When I played the tournament, I used groupby's apply in order to generate a new variable, and wrote this: ins['weight'] = ins[['SK_ID_PREV', 'DAYS_ENTRY_PAYMENT']].groupby('SK_ID_PREV').apply(lambda x: 1-abs(x)/().abs()).iloc[:,1], 10 million rows of data, counted for more than ten minutes, and waited me out.
drawings
Because Excel draws diagrams that can interact and perform some simple operations on the diagrams, the python visualization library used here is plotly, and the case will use the assignments from my development economics class this semester, when the diagrams were all drawn in Excel, and now they are drawn again in python. Before you start, first load the plotly package.
import as off import plotly.graph_objs as go off.init_notebook_mode()
histogram
There were a lot of bar graphs drawn in Excel at the time, and one of them was
Here's a drawing using plotly:
df = pd.read_excel("", sheet_name='Enrolment in tertiary education') trace1 = ( x=df['The State'], y=df[1995], name='1995', opacity=0.6, marker=dict( color='powderblue' ) ) trace2 = ( x=df['The State'], y=df[2005], name='2005', opacity=0.6, marker=dict( color='aliceblue', ) ) trace3 = ( x=df['The State'], y=df[2014], name='2014', opacity=0.6, marker=dict( color='royalblue' ) ) layout = (barmode='group') data = [trace1, trace2, trace3] fig = (data, layout) (fig)
radar chart
Drawn in Excel:
Drawn in python:
df = pd.read_excel('', sheet_name='Political governance') theta = () (theta[0]) names = df[''] = [:,0] df = (df) trace1 = ( r=df[0], theta=theta, name=names[0] ) trace2 = ( r=df[1], theta=theta, name=names[1] ) trace3 = ( r=df[2], theta=theta, name=names[2] ) trace4 = ( r=df[3], theta=theta, name=names[3] ) data = [trace1, trace2, trace3, trace4] layout = ( polar=dict( radialaxis=dict( visible=True, range=[0,1] ) ), showlegend=True ) fig = (data, layout) (fig)
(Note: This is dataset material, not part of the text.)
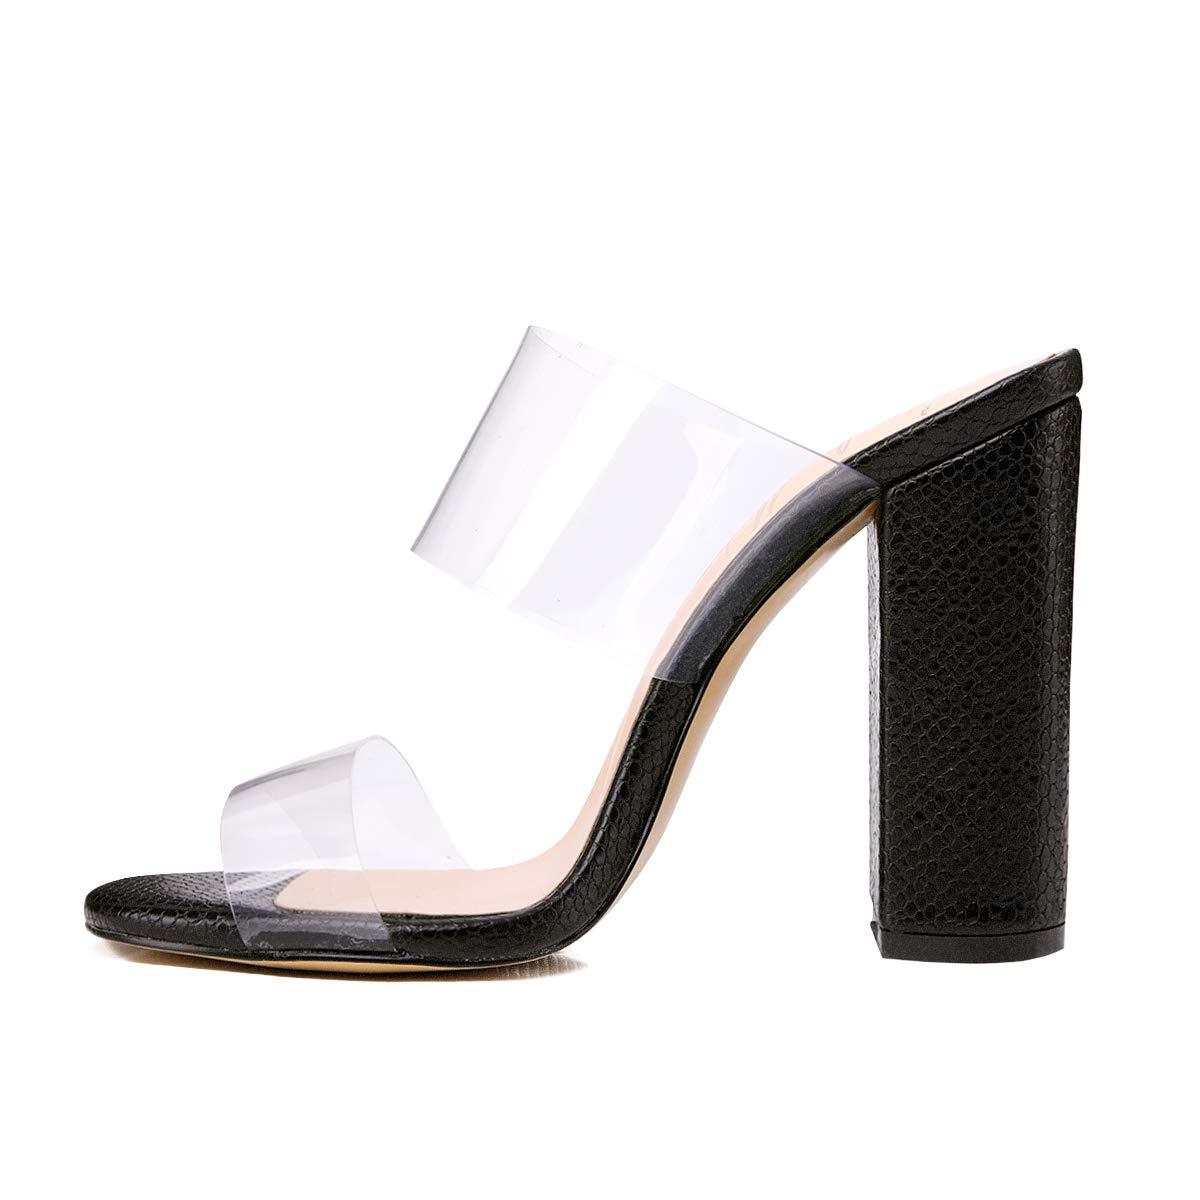 4860b99e9be Onlymaker Women's Clear Open Toe Double Straps Chunky Heels Mules ...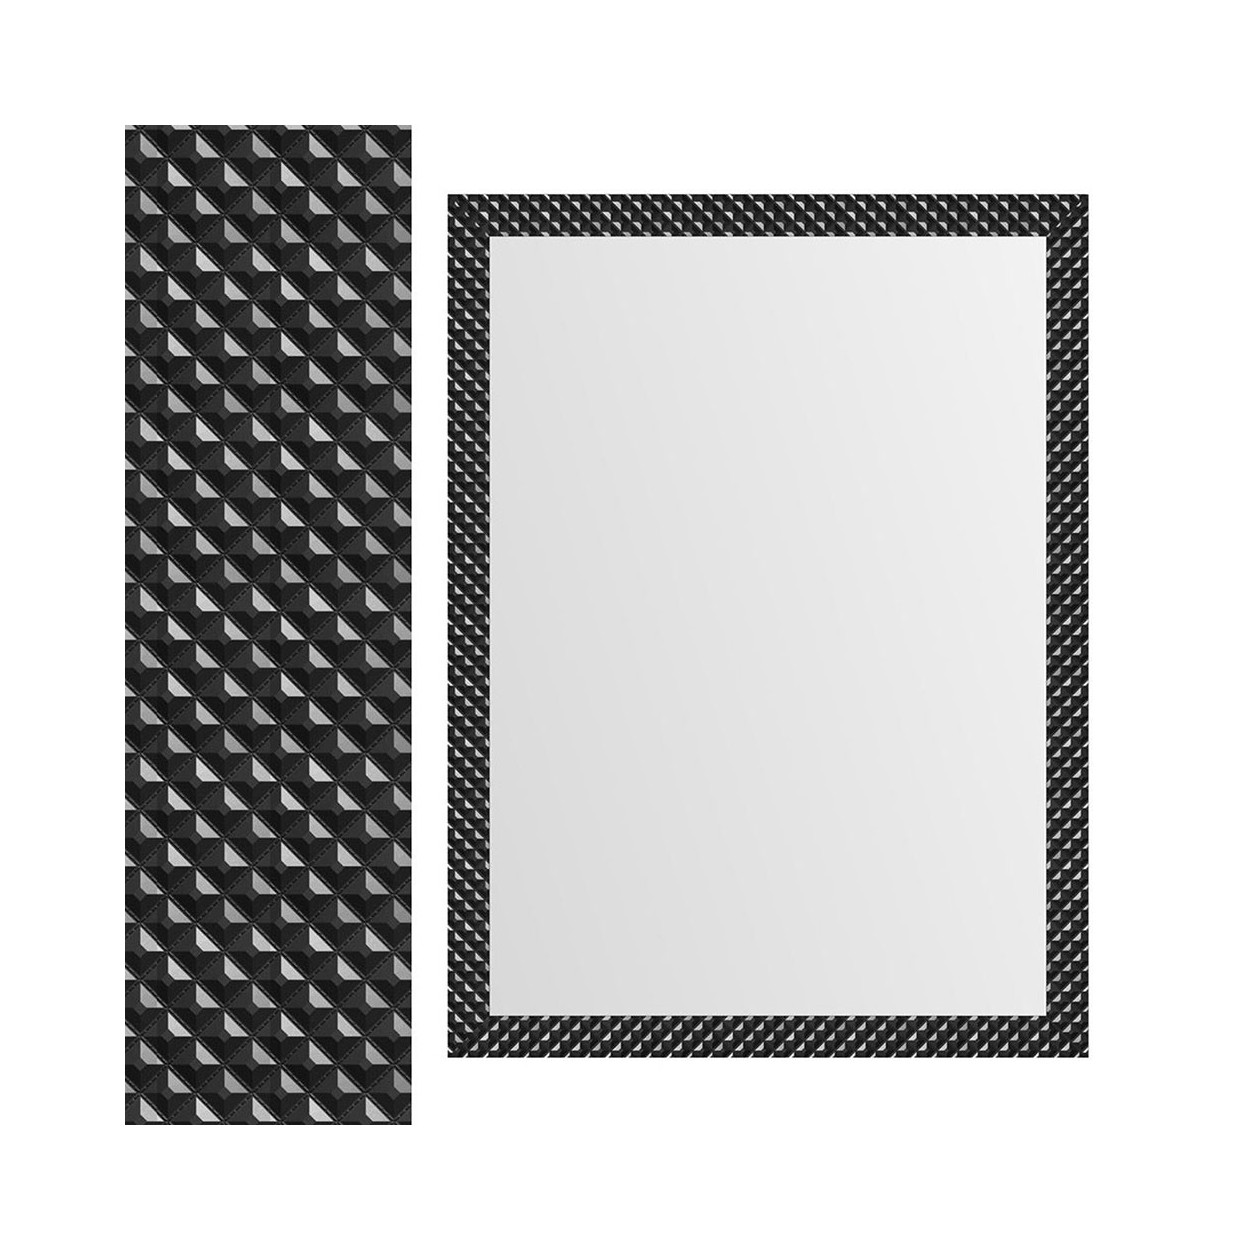 Espejo de pared negro con formas geom tricas dise o for Espejos de formas

It's a lot trickier to draw than Excel.
Overall, it's easiest to use Excel if you're drawing simple, basic shapes, and more appropriate to use python if you're drawing more advanced ones or shapes that require more customization.
This article on the perfect combination of Python and Excel commonly used case summary of the operation of the article is introduced to this, more related to the combination of Python and Excel content, please search for my previous posts or continue to browse the following related articles I hope you will support me in the future!